*Task goal:* Print each line exactly, from the one with "Rotes und weißes" to the very last line of the listing, and keep the pictures out.

*Supplied material:*
-----
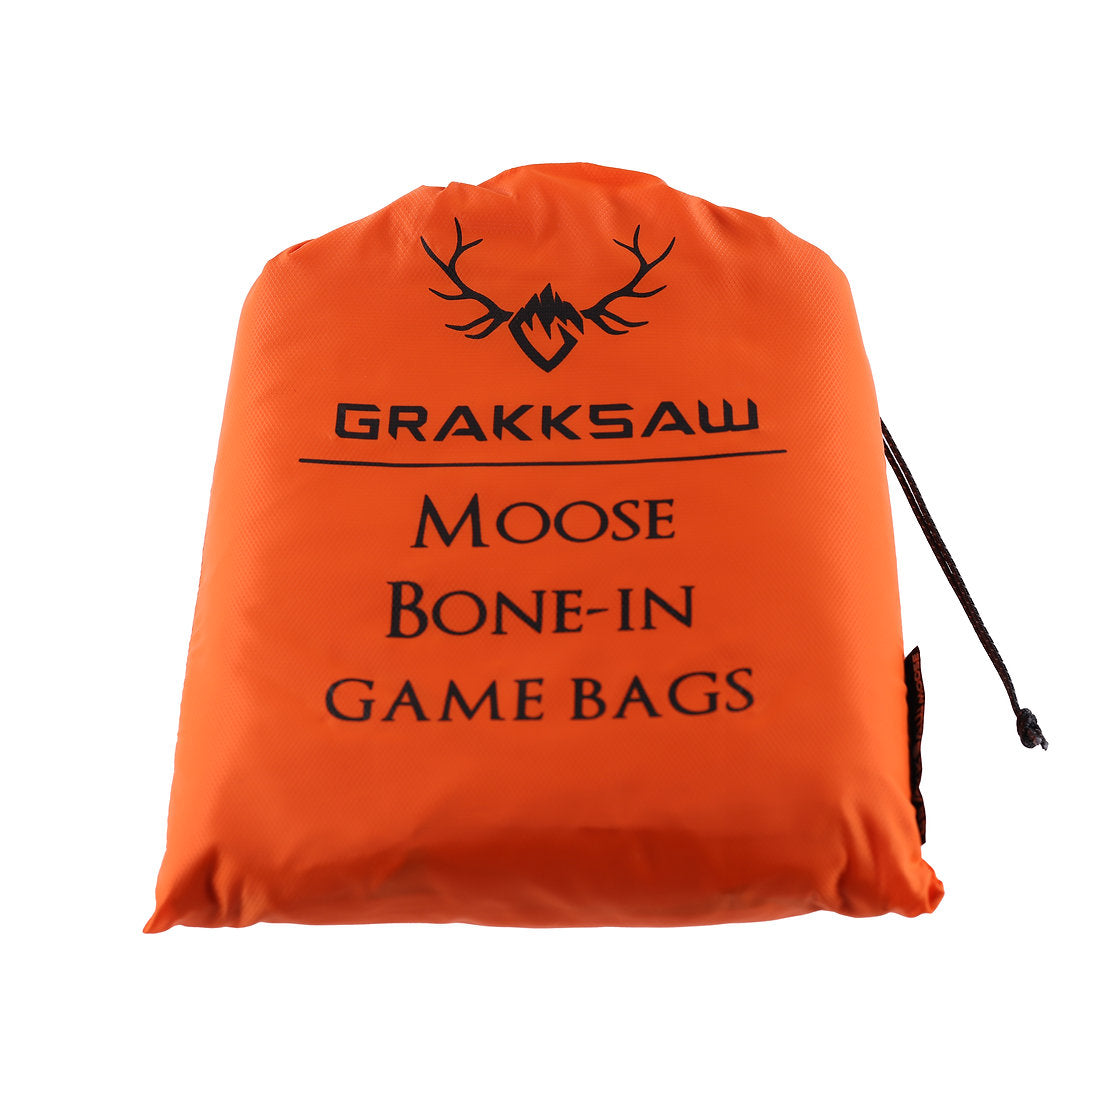 Grakksaw Moose Game Bags
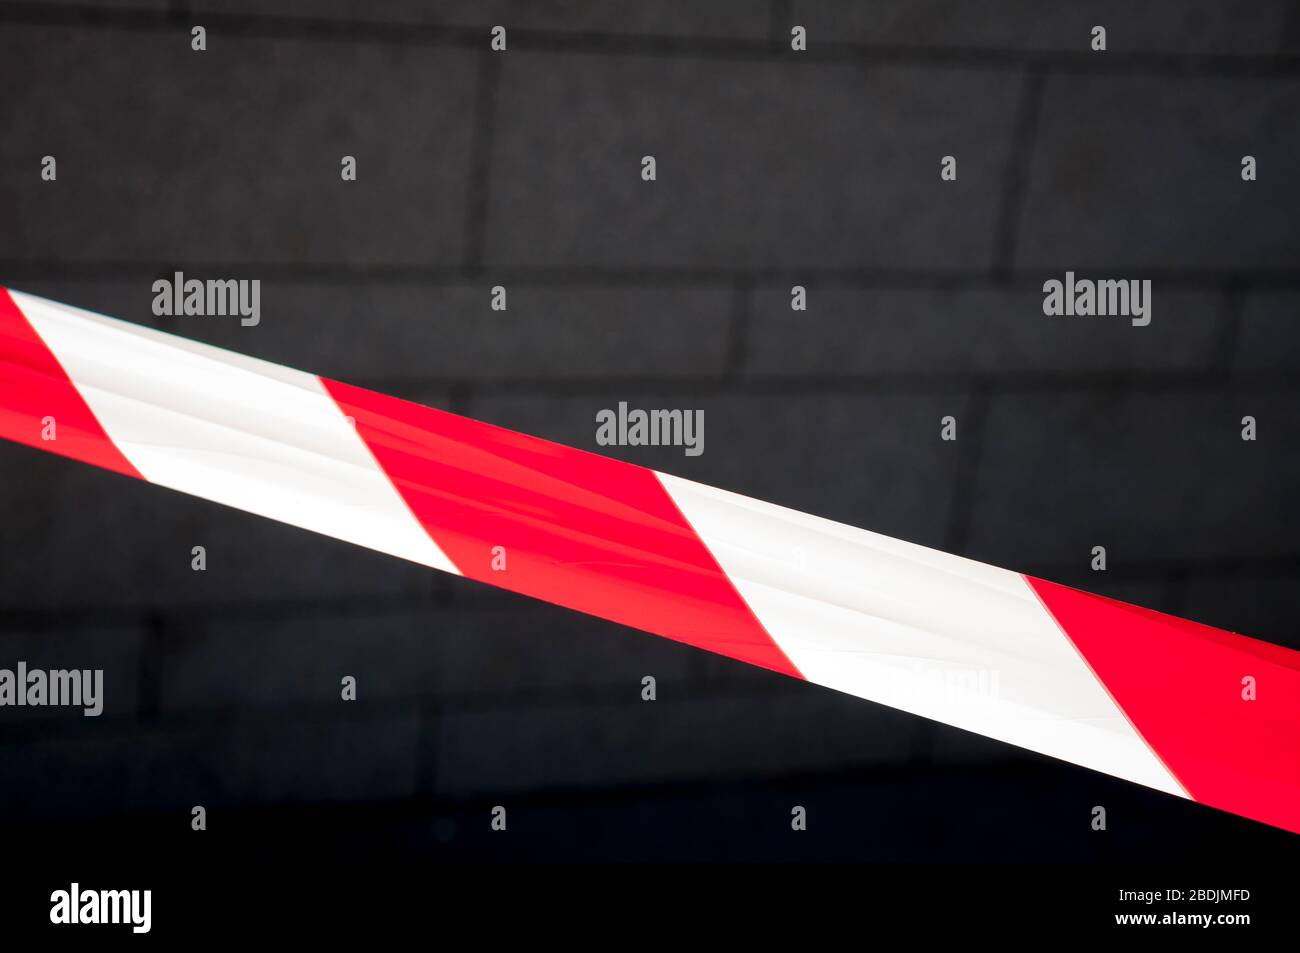 Rotes und weißes Warnband, das sich über den dunklen städtischen Backsteinwand-Hintergrund erstreckt Stockfoto
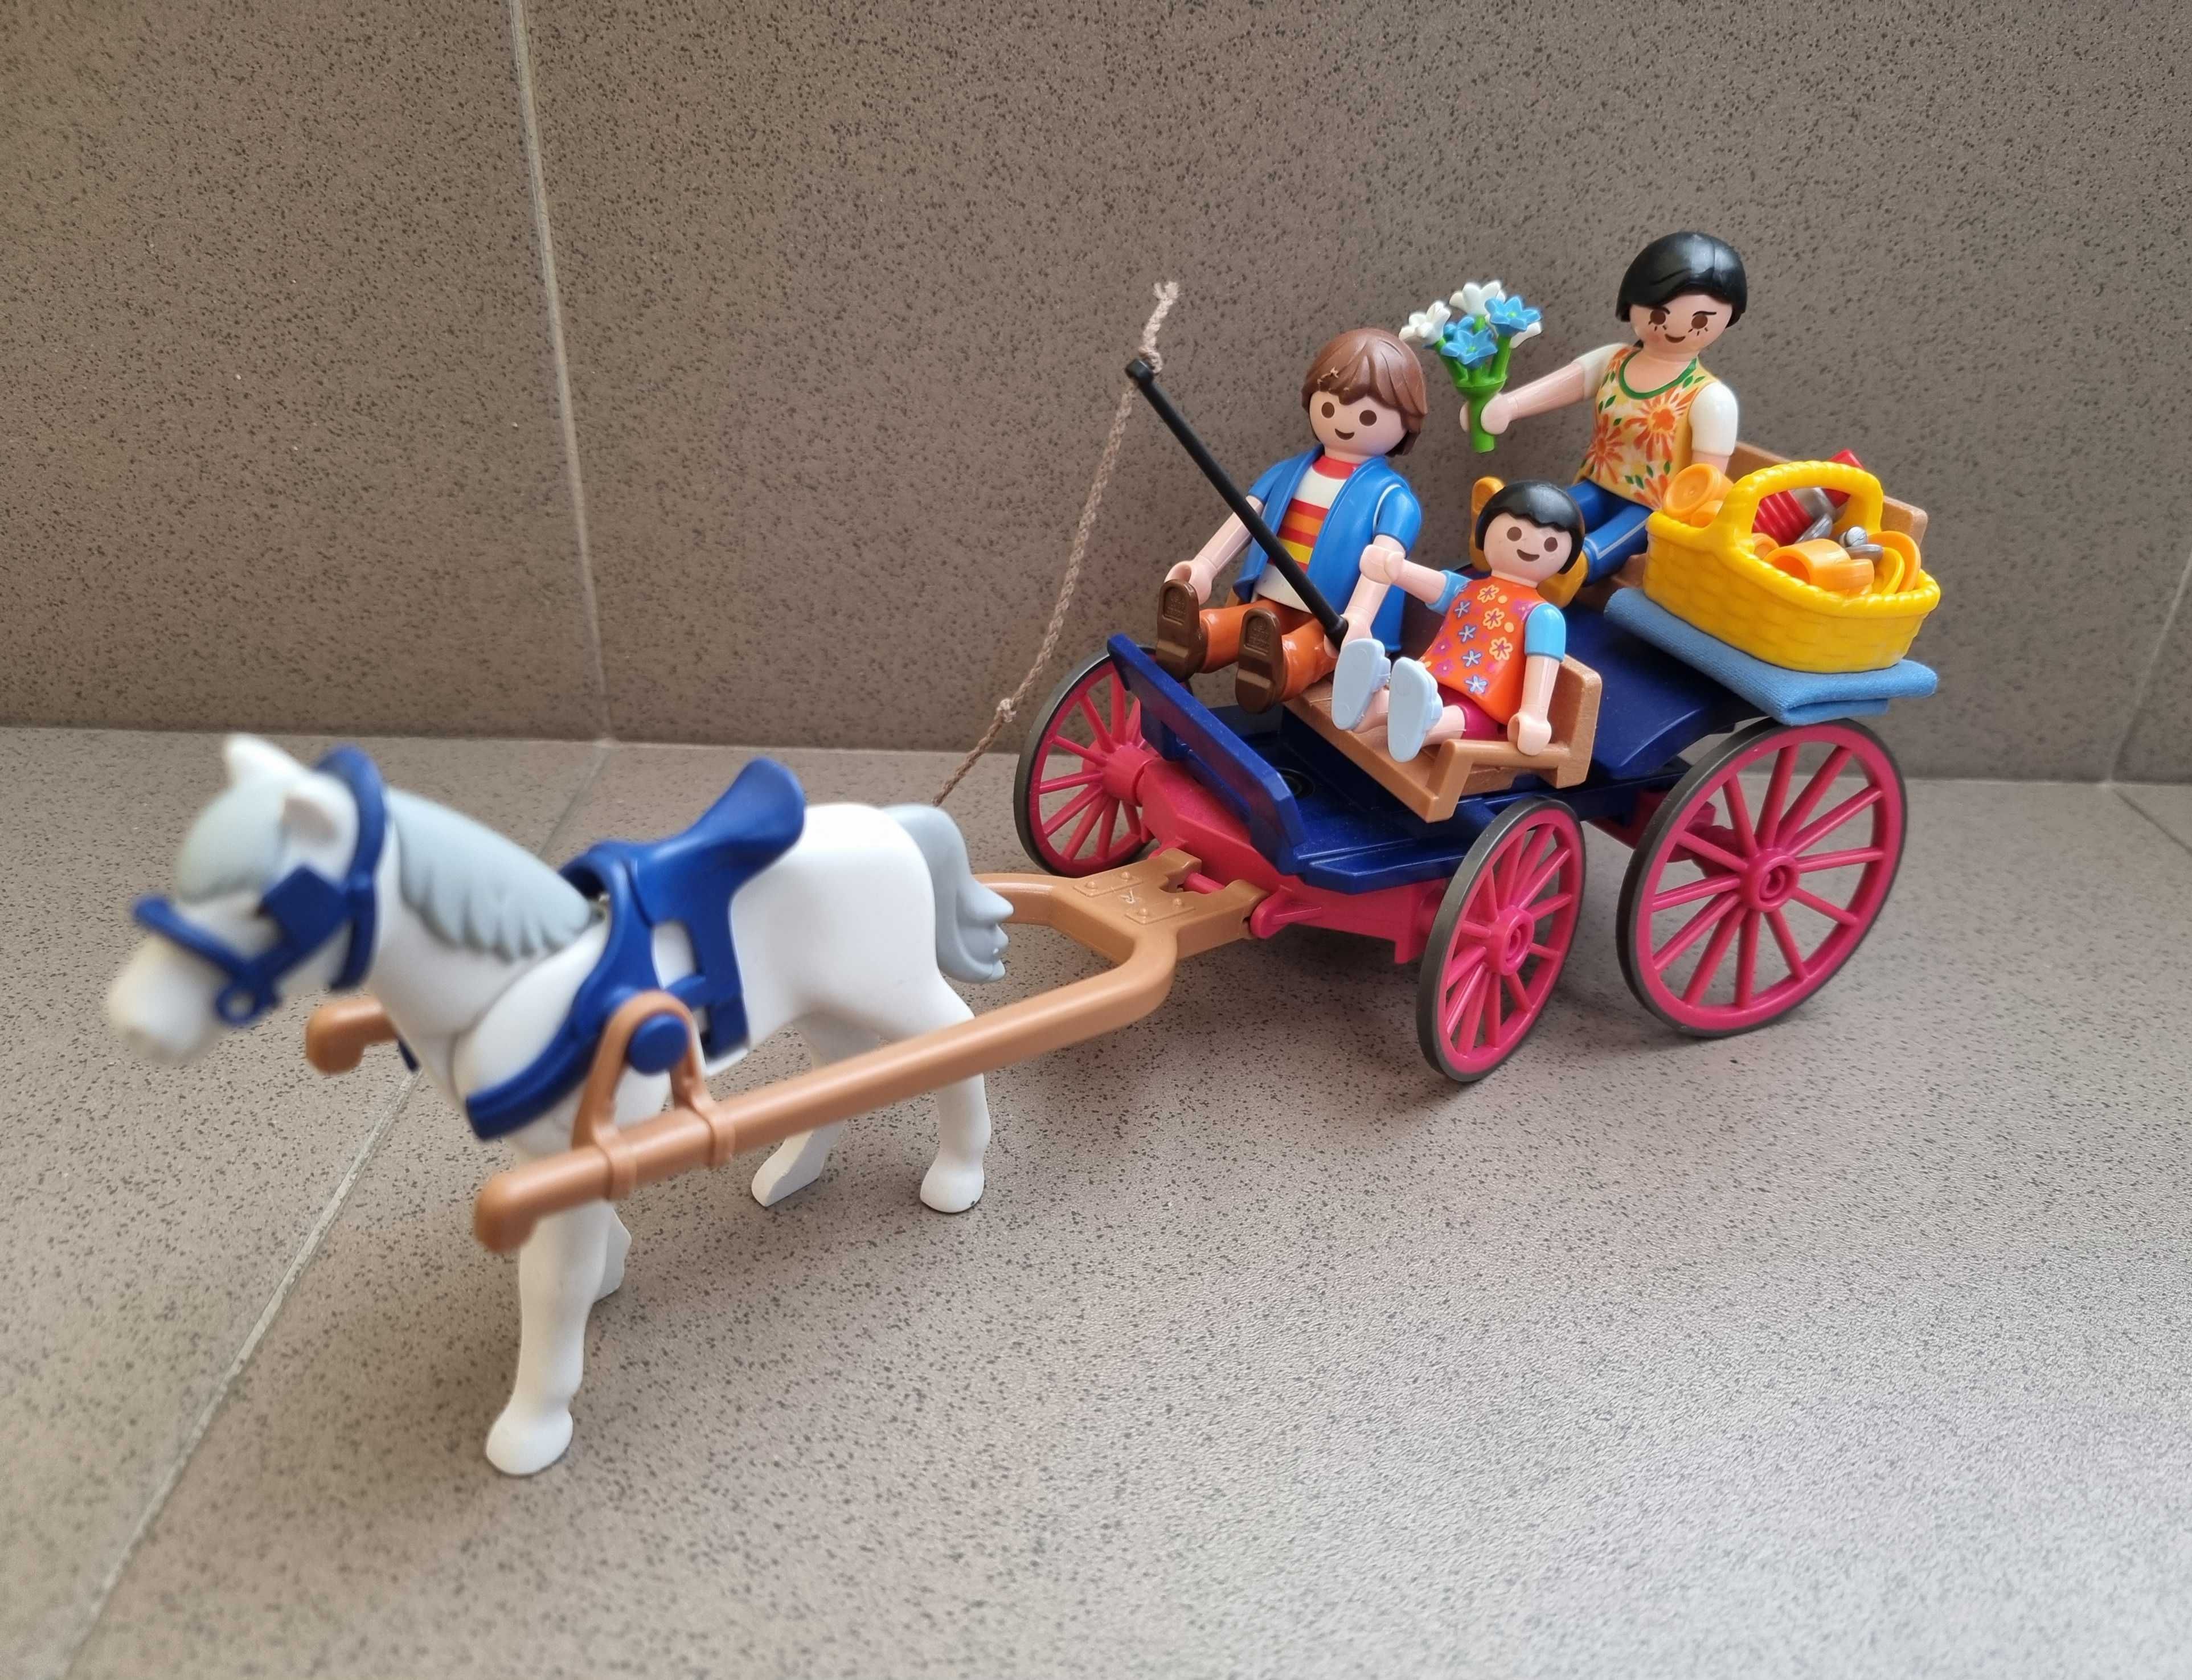 Playmobil 5226 Picnick in familie cu trasura cu cai
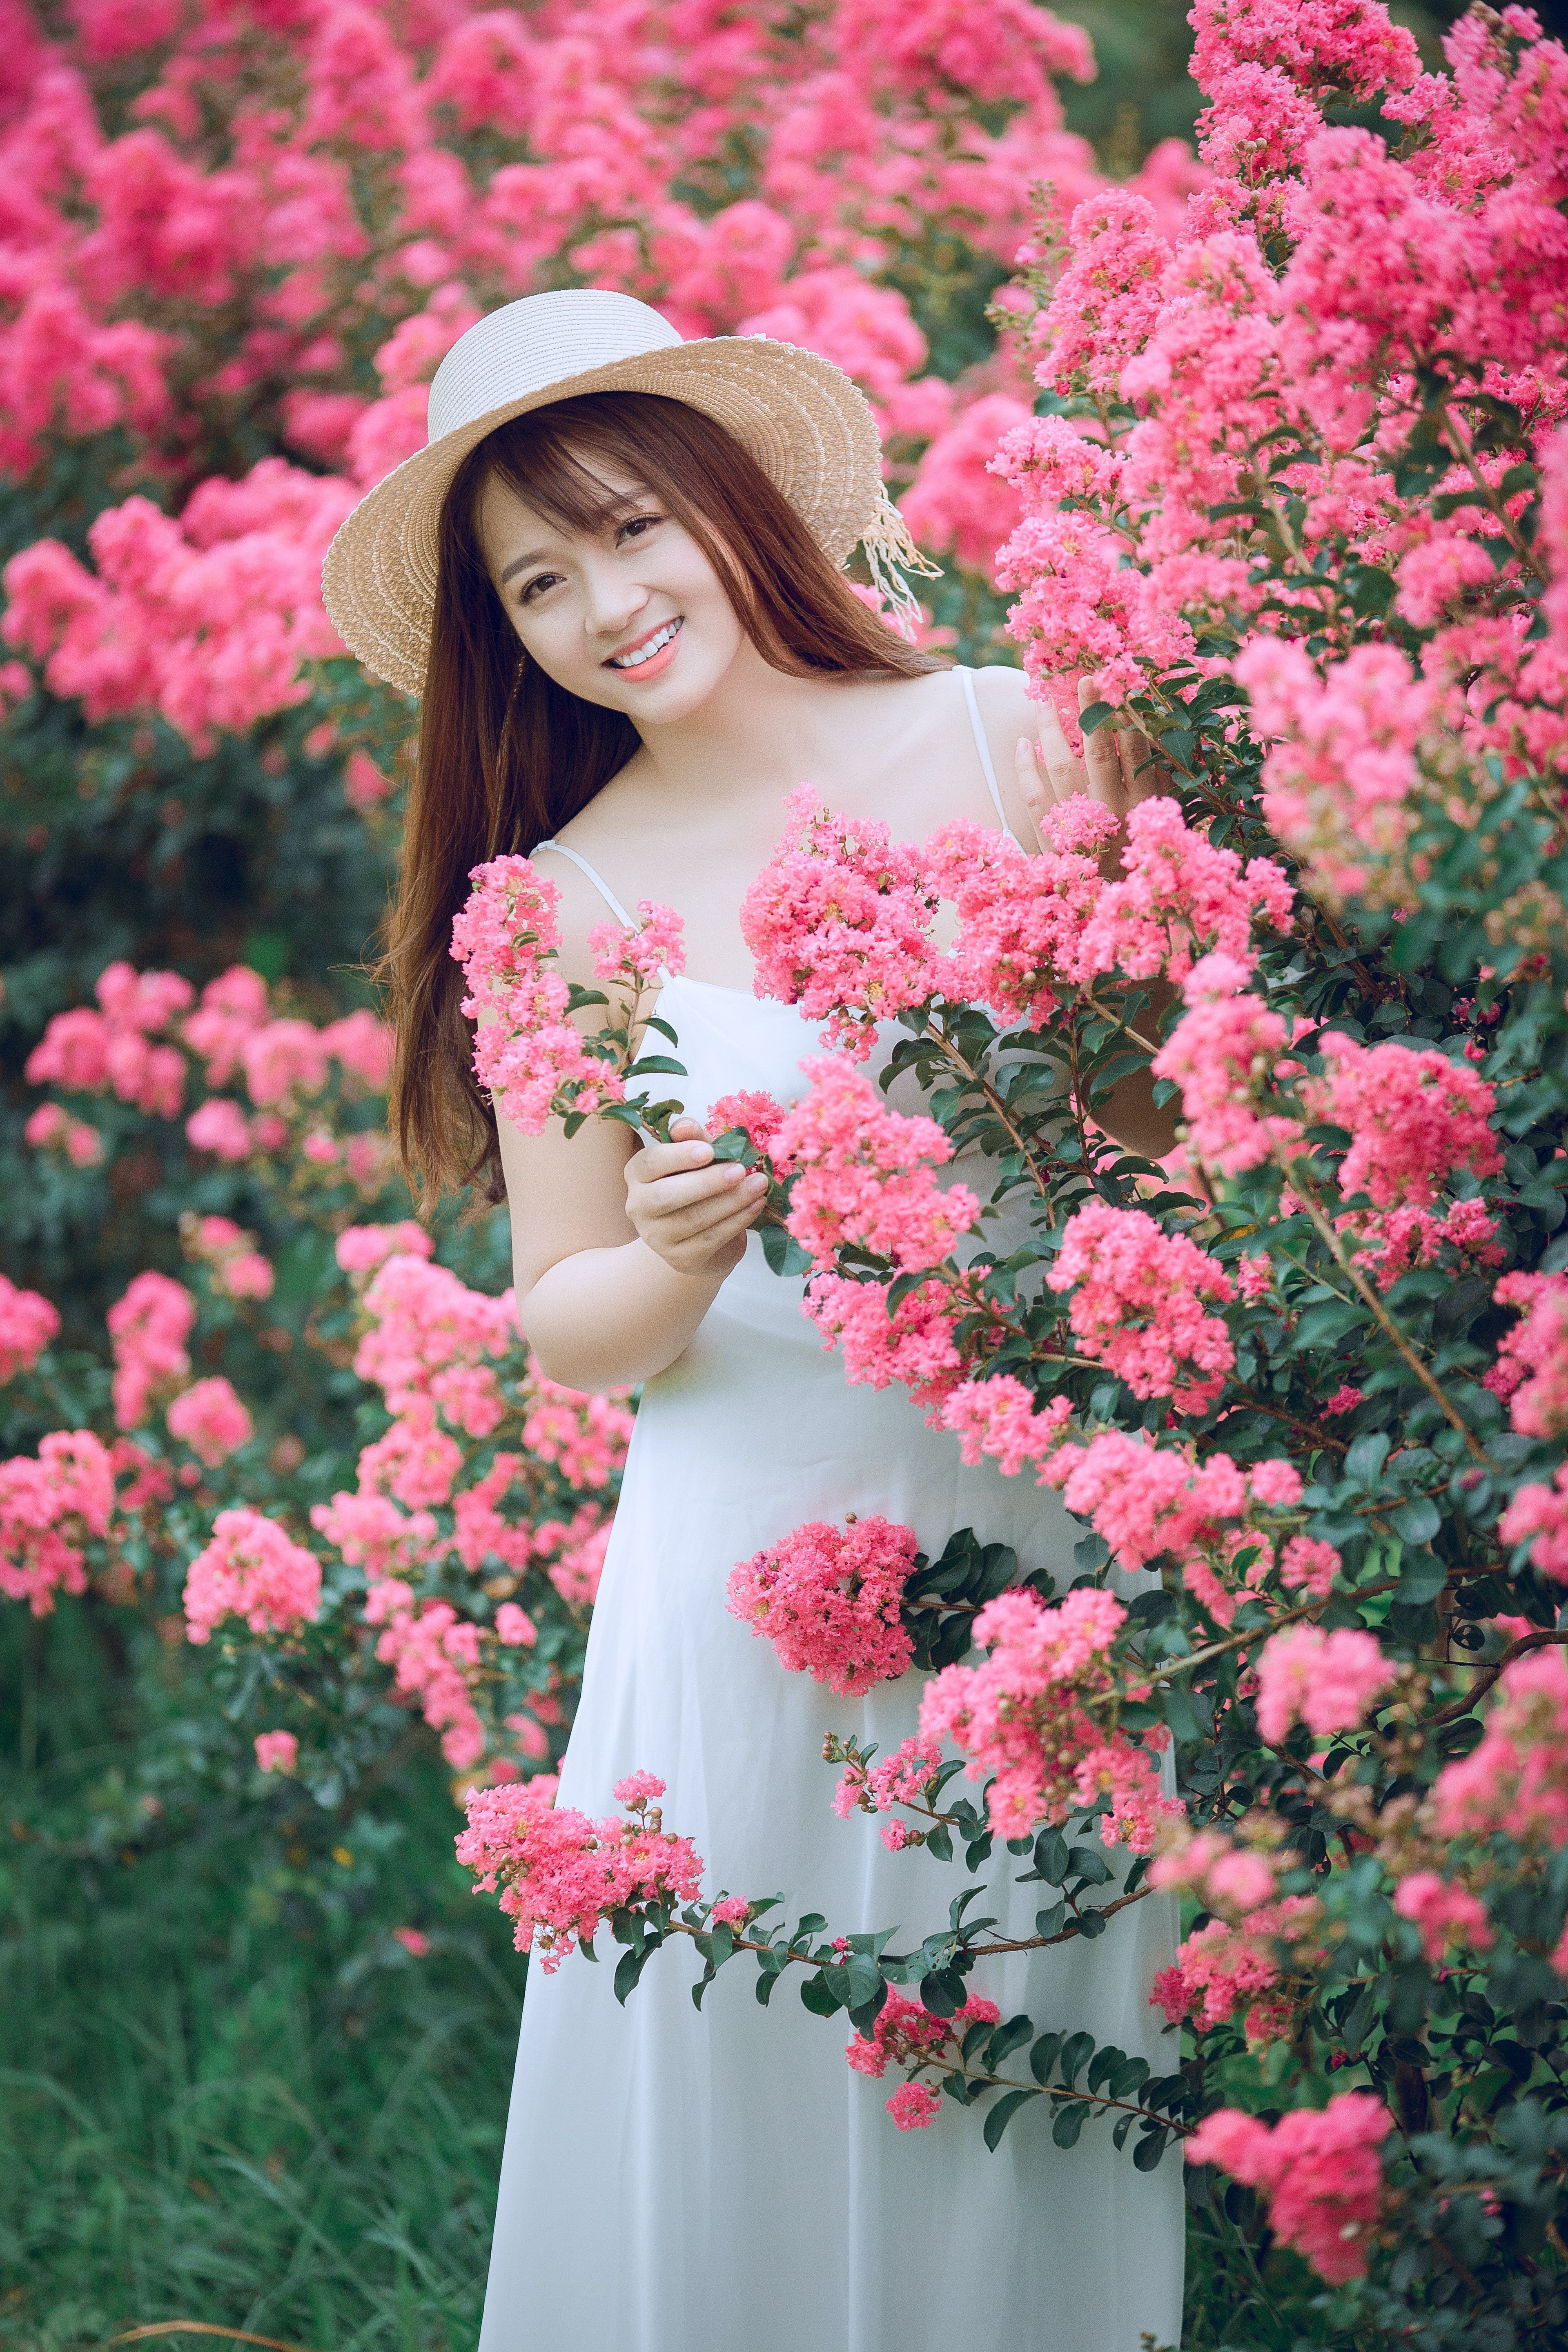 Woman Behind Pink Flowers · Free
-----
*Solution to the exercise:*
 Rotes und weißes Warnband, das sich über den dunklen städtischen Backsteinwand-Hintergrund erstreckt Stockfoto
 Playmobil 5226 Picnick in familie cu trasura cu cai
 Woman Behind Pink Flowers · Free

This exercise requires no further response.